Provided data:
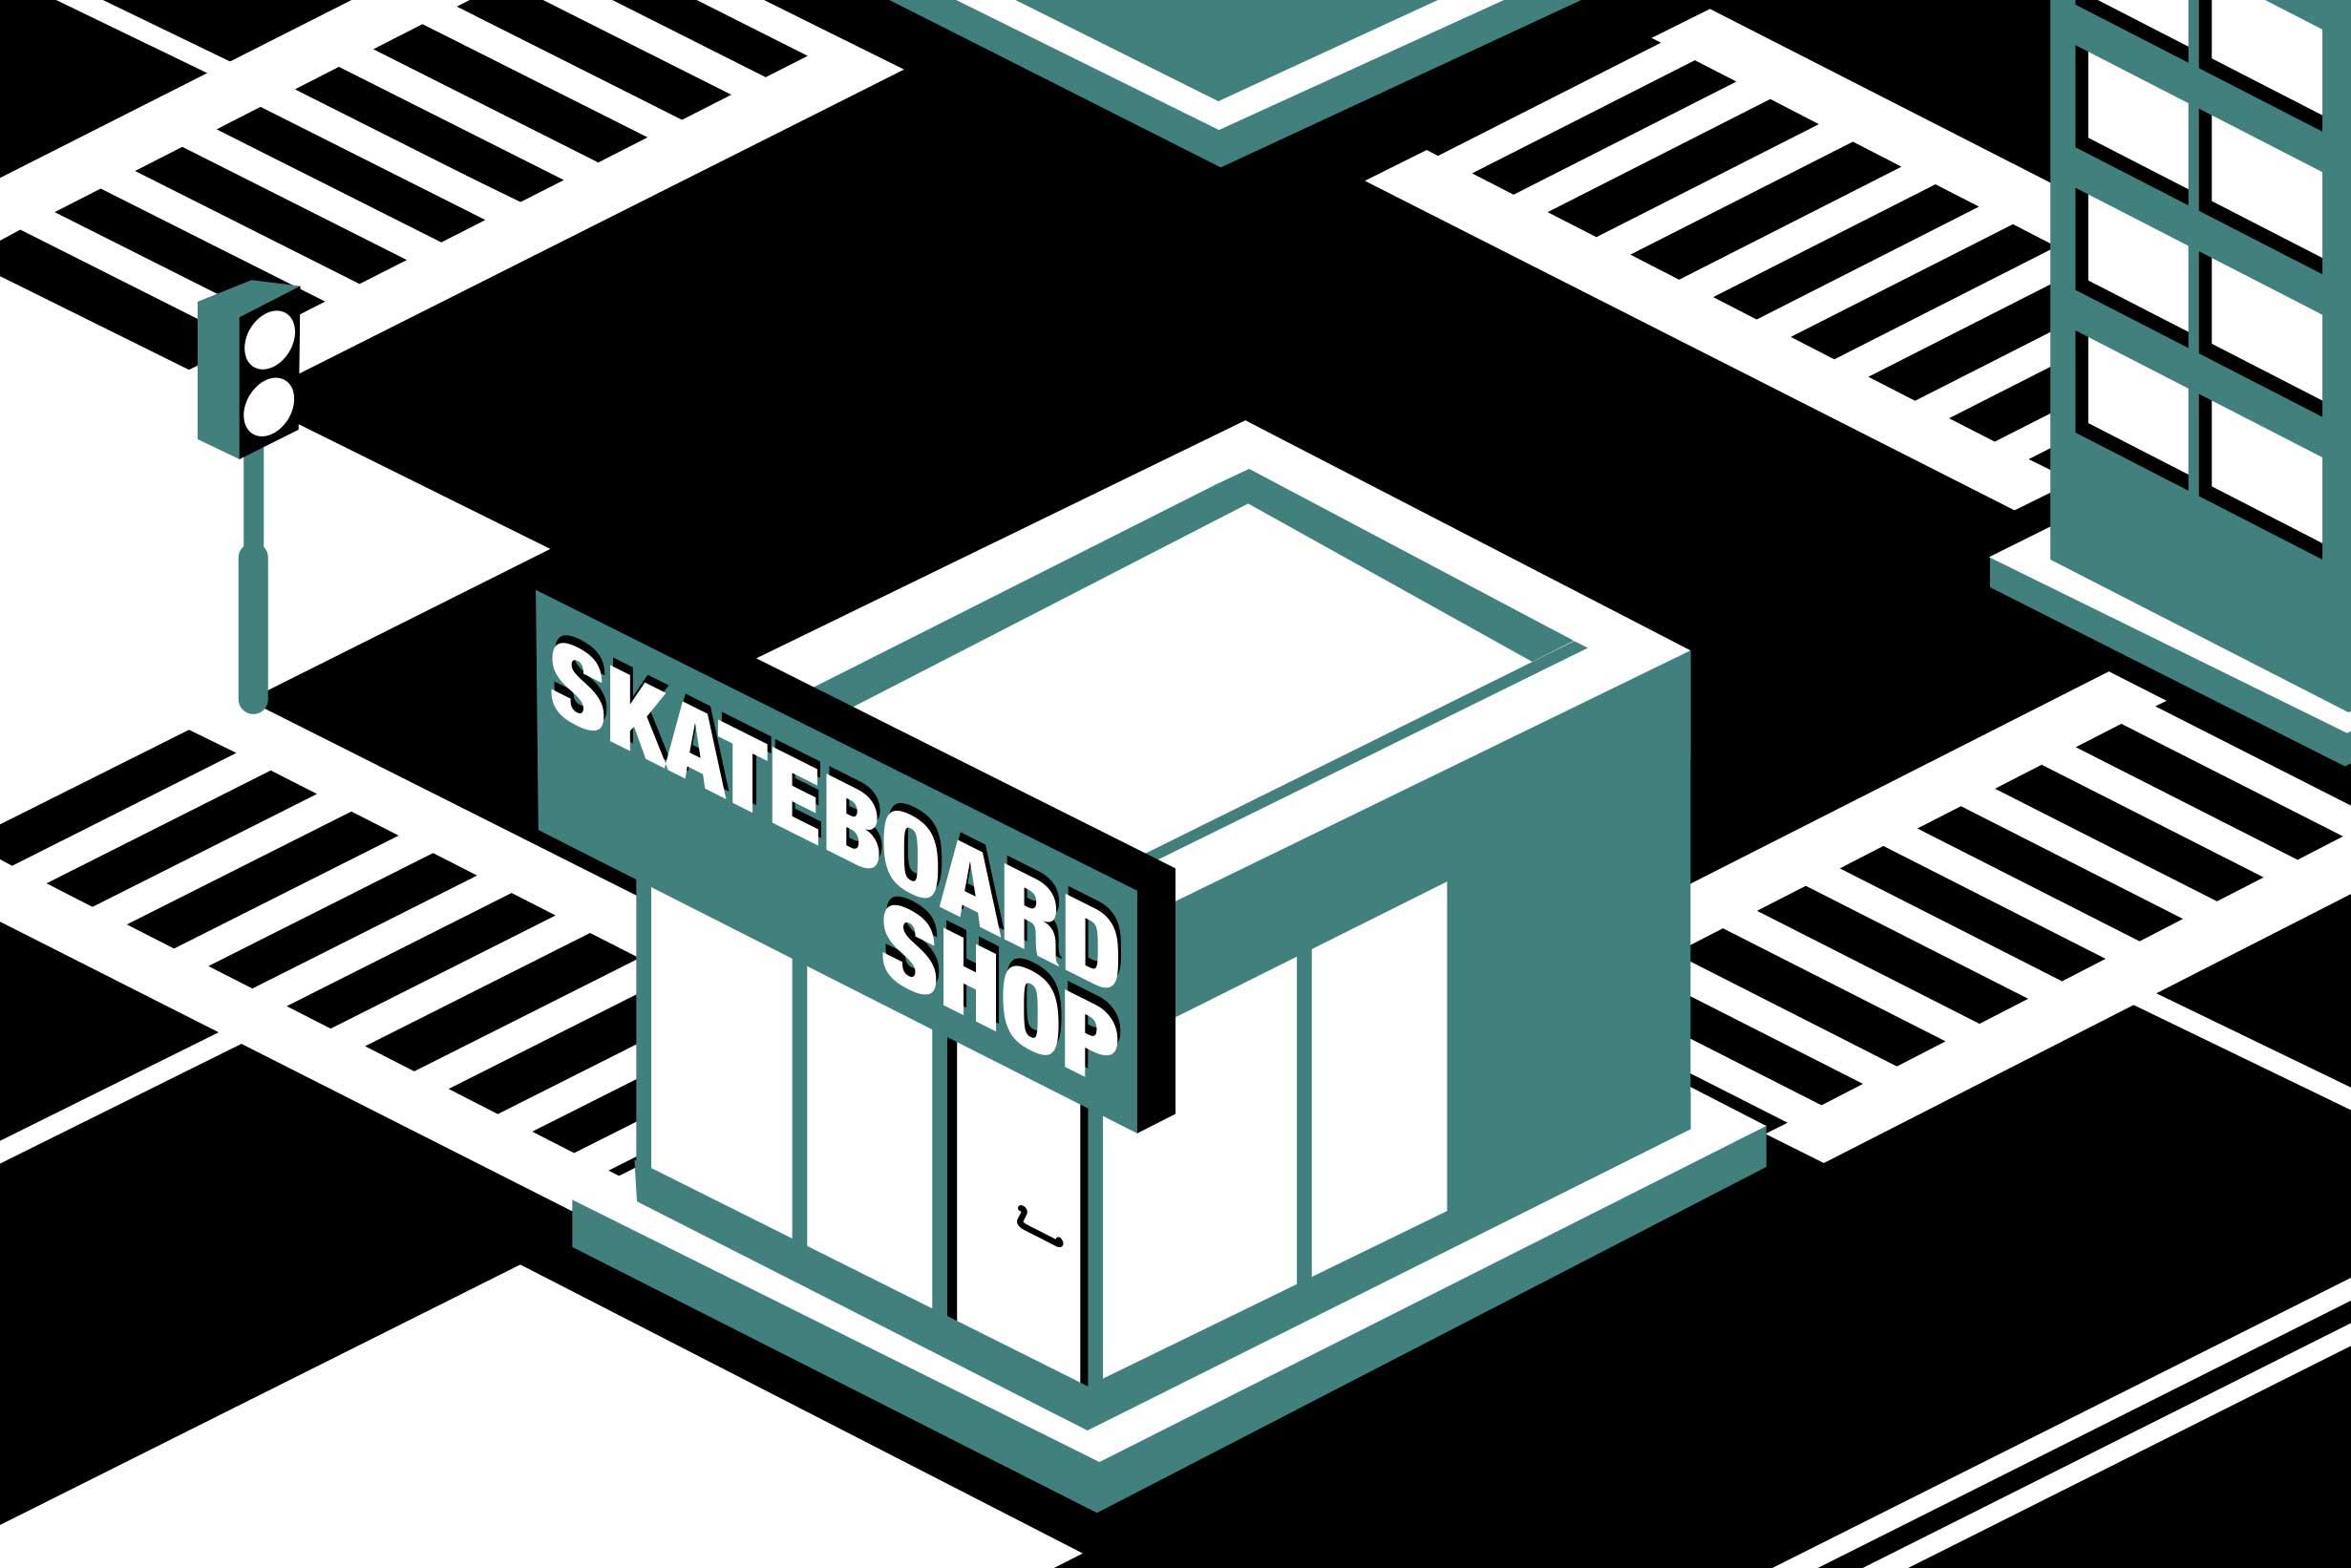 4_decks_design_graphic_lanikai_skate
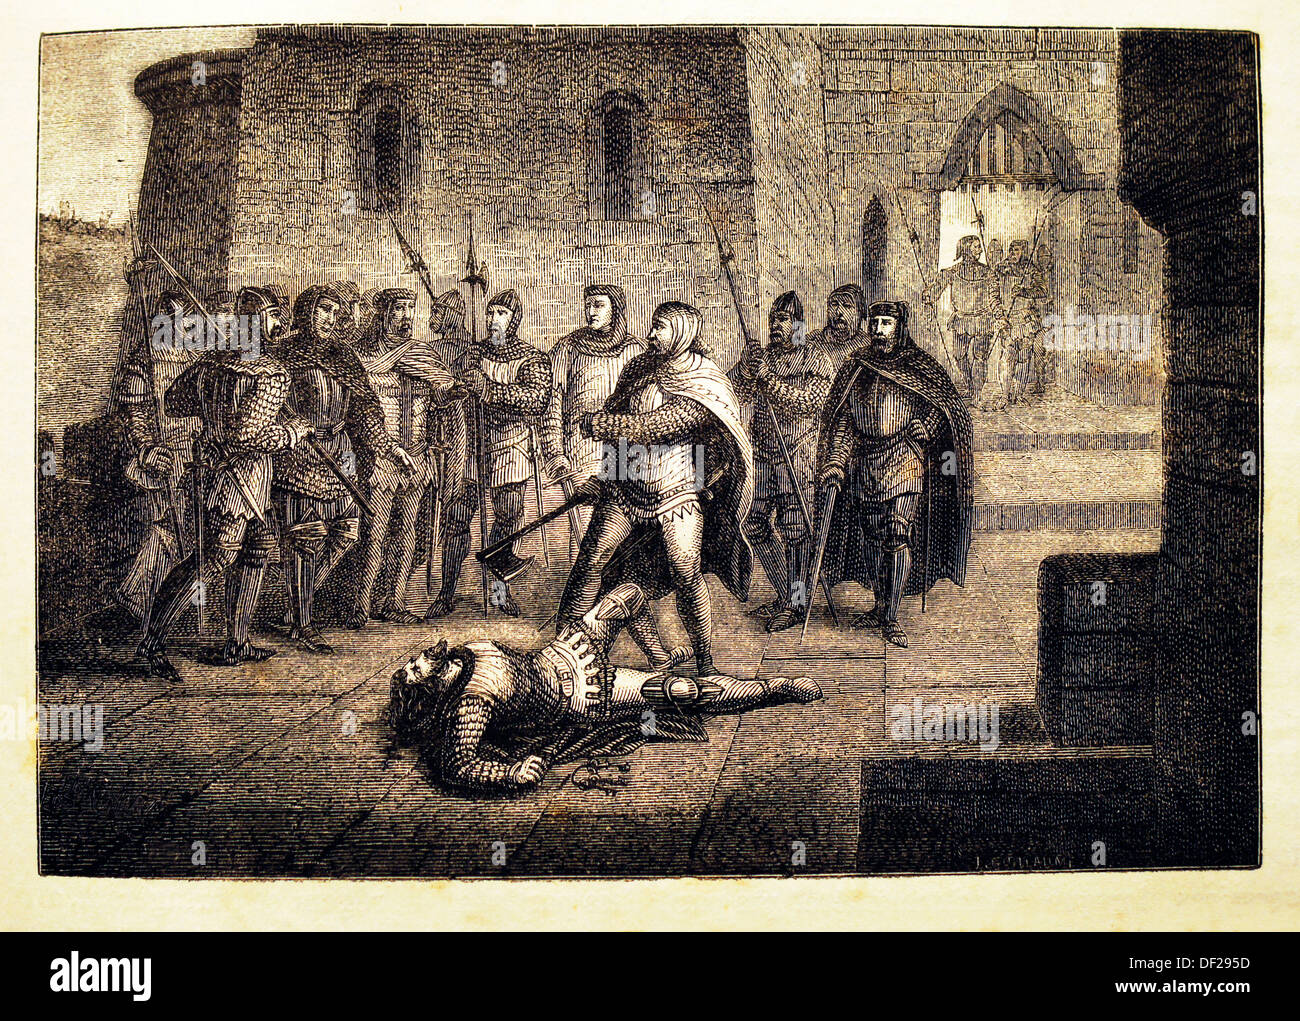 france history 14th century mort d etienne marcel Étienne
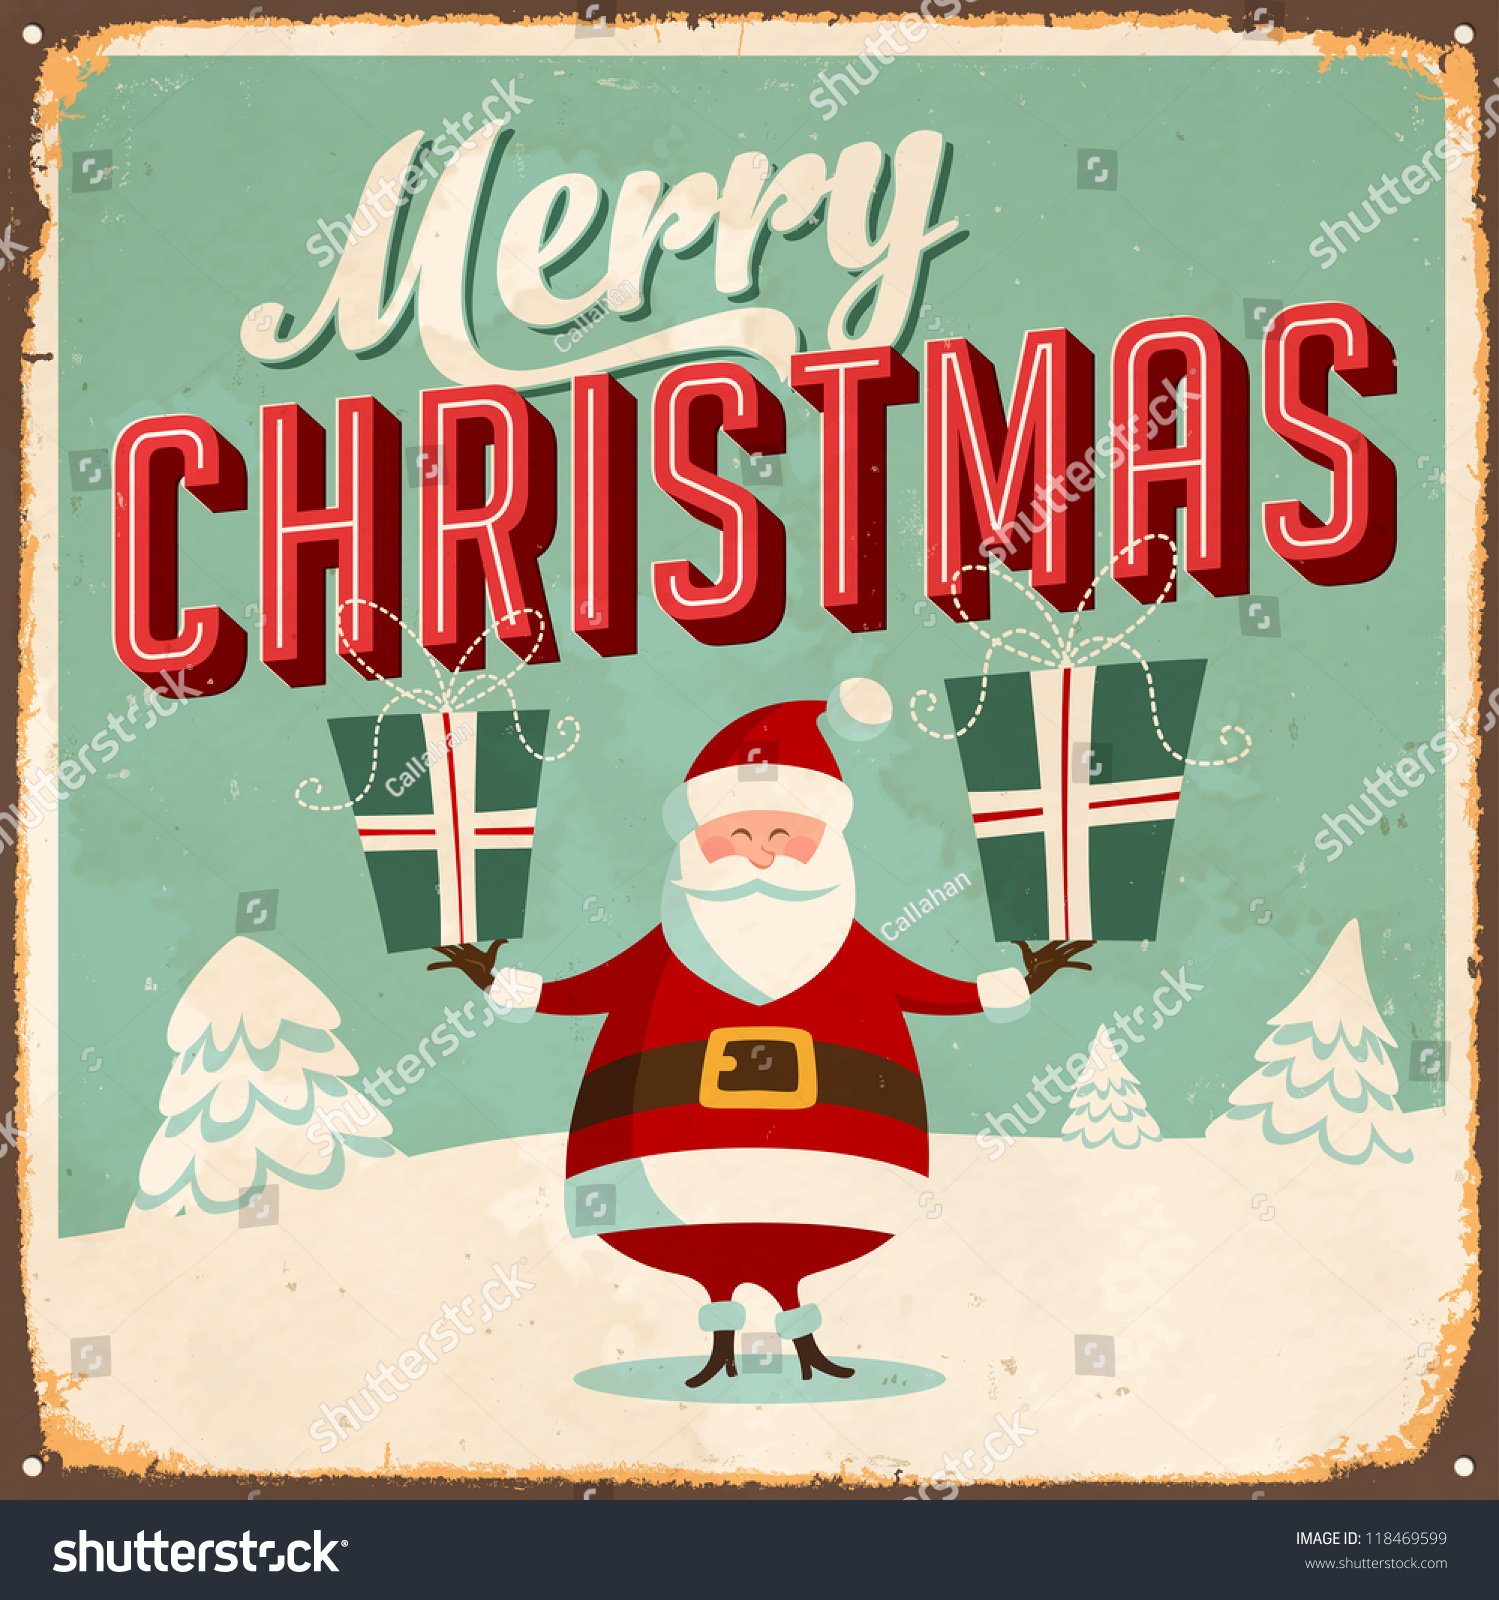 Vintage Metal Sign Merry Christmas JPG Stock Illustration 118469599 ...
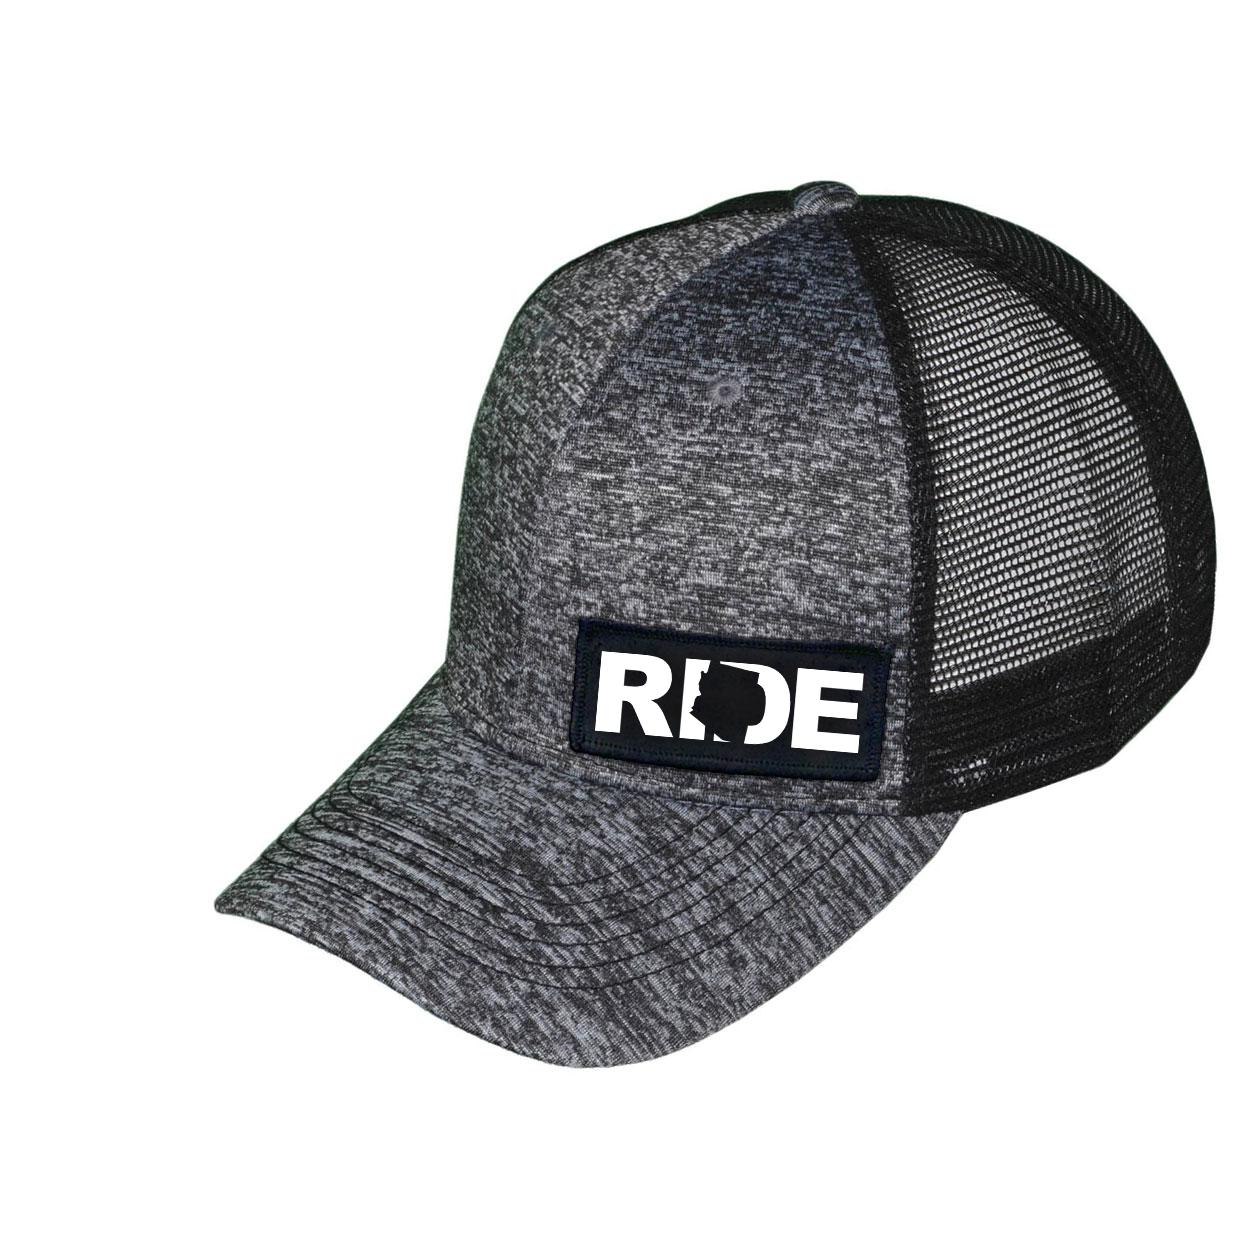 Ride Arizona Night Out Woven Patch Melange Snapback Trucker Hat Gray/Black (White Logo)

What is required: Transcribe the material exactly, keeping every word and none of the pictures.

Reply:
 4_decks_design_graphic_lanikai_skate
 france history 14th century mort d etienne marcel Étienne
 Vintage Metal Sign Merry Christmas JPG Stock Illustration 118469599 ...
 Ride Arizona Night Out Woven Patch Melange Snapback Trucker Hat Gray/Black (White Logo)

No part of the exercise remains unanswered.